March 31, 2016

The Dividend Peril of following the herd

Mark Causer

POST SUMMARY

With global economic growth forecasts being revised downwards, global interest rates at all-time lows, the insatiable appetite for yield, some might argue, has become more desperate.

This of course is by no means a new story, but one that should be monitored closely.

At Financial Keys we believe that it is a sound business and investment principal to occasionally and selectively challenge the status quo.

Let’s take for example, Australian company payout ratios and their dividends, one area that many investors expect and follow without question.

With global economic growth forecasts being revised downwards, global interest rates at all-time lows, the insatiable appetite for yield, some might argue, has become more desperate.

This of course is by no means a new story, but one that should be monitored closely.

At Financial Keys we believe that it is a sound business and investment principal to occasionally and selectively challenge the status quo.

Let’s take for example, Australian company payout ratios and their dividends, one area that many investors expect and follow without question.

Recently (30/3), the Australian Financial Review reported that “the payout ratio for the ASX 200 is at 106.3%. What this means is that “payments to shareholders (dividends) exceed the value of profits that companies make, compared with 65% five years ago. This figure is unsustainable.” Furthermore, “despite the high payout ratio, the actual dollar-amount of dividends is tumbling as corporate profits weaken.

The $19 billion in interim dividends to be paid out for the latest half year results is around 20% below last years”.  The ASX 200 dividend yield is 4.94%, which is slightly off the highest levels since the GFC in June 2009.

It should be worth noting that one company, CBA, is paying out $3.4 billion alone.   

For close to two decades, Australian companies have been world leaders with consistently high payout ratios between 60% - 70%, beating the UK, the US, Japan, Europe and Canada. This has been aided by the introduction of the dividend imputation system in July 1987.  This system ensuring no double taxation of dividends i.e. taxed at both the company level and the individual level.

Additional legislative changes along the way have only added to this attractiveness (refund of excess credits and the Zero tax environment for super funds in pension phase to name two) and in some cases has caused investors to have a country bias (i.e. to Australia) as well as a sector of the market (i.e. ASX 20).

So why is this important to me?

Let’s first quickly look at these two……

A dividend is a payment made by a corporation to its shareholders, usually as a distribution of profits.
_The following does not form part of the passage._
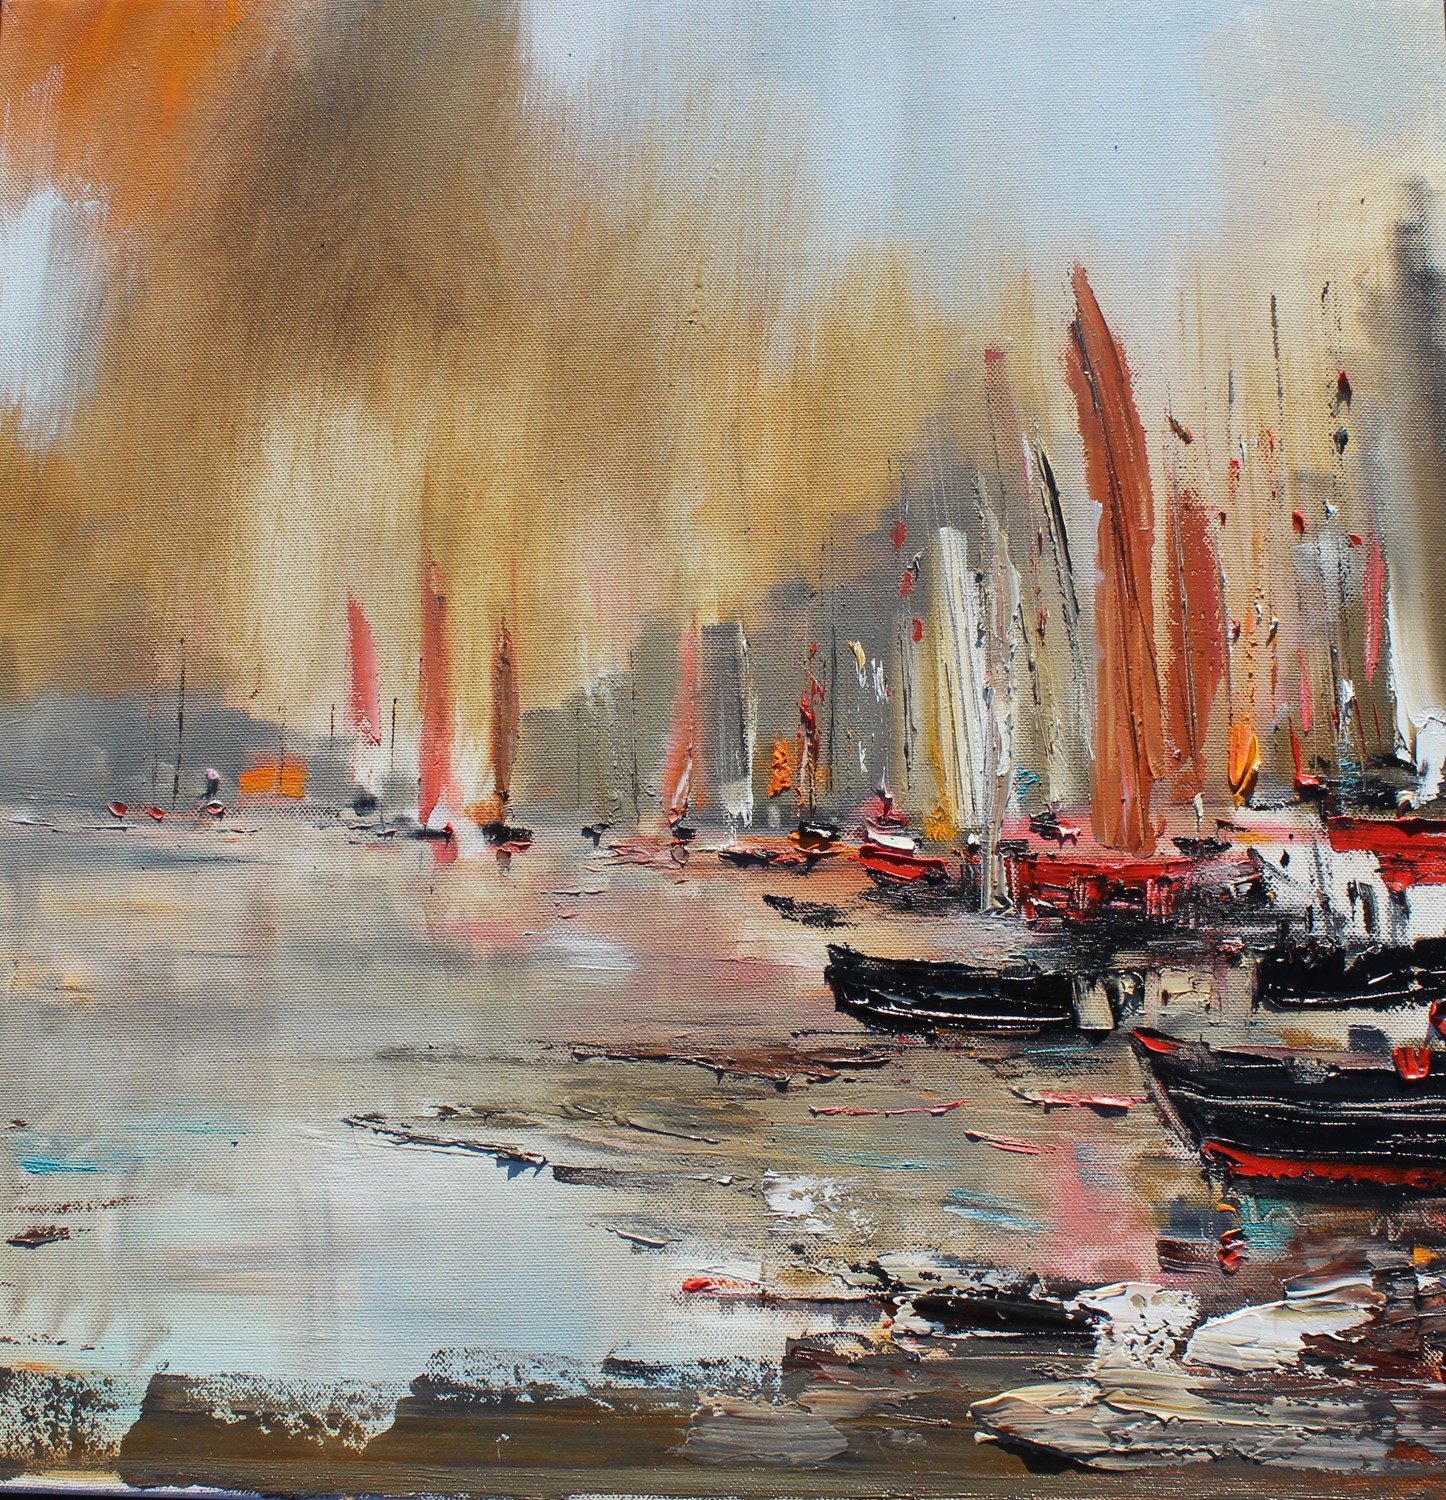 'A Fleet of Sails' by artist Rosanne Barr

When a corporation earns a profit or surplus, it can either re-invest it in the business (called retained earnings), or it can distribute it to shareholders.
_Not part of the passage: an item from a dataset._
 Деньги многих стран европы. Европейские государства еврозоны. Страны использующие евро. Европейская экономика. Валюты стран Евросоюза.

By way of comparison, the Dividend Payout Ratio is the fraction of net income a firm pays to its shareholders in dividends. That part of the earnings not paid to investors is left for investment to provide for future earnings growth.

Investment advisers are particularly interested in the dividend payout ratio because they want to know if companies are paying out a reasonable portion of net income to investors. For instance, most startup companies and tech companies rarely give dividends at all as most of their profit / earnings is ploughed back into growing the business. In fact, you might be interested to know that Apple, a company formed in the 1970s (a global giant), stopped paying dividends in 1995, only to pay their first dividend to shareholders some 17 years later in early 2012.

Conversely, some companies want to spur investors' interest so much that they are willing to pay out unreasonably high dividend percentages. An astute investor would spot that these dividend rates can't be sustained for very long because the company will eventually need money for its operations – they may then need to borrow.

High payout ratios resulting in high dividend yields can hide the fact that there is little or no underlying growth within the company. It is financial fundamental that to sustain higher dividend yields, a company must grow, without growth, increasing payout ratios only delays the evitable crunch.

These attributes above are not lost on Financial Keys when we are preparing investment portfolios and making investment recommendations to you our clients. We will not and do not simply follow the herd, we do challenge the status quo – regularly.


We fully appreciate that if we focus too much on client demand for yield, we run the risk of missing out on the value of accretive growth opportunities.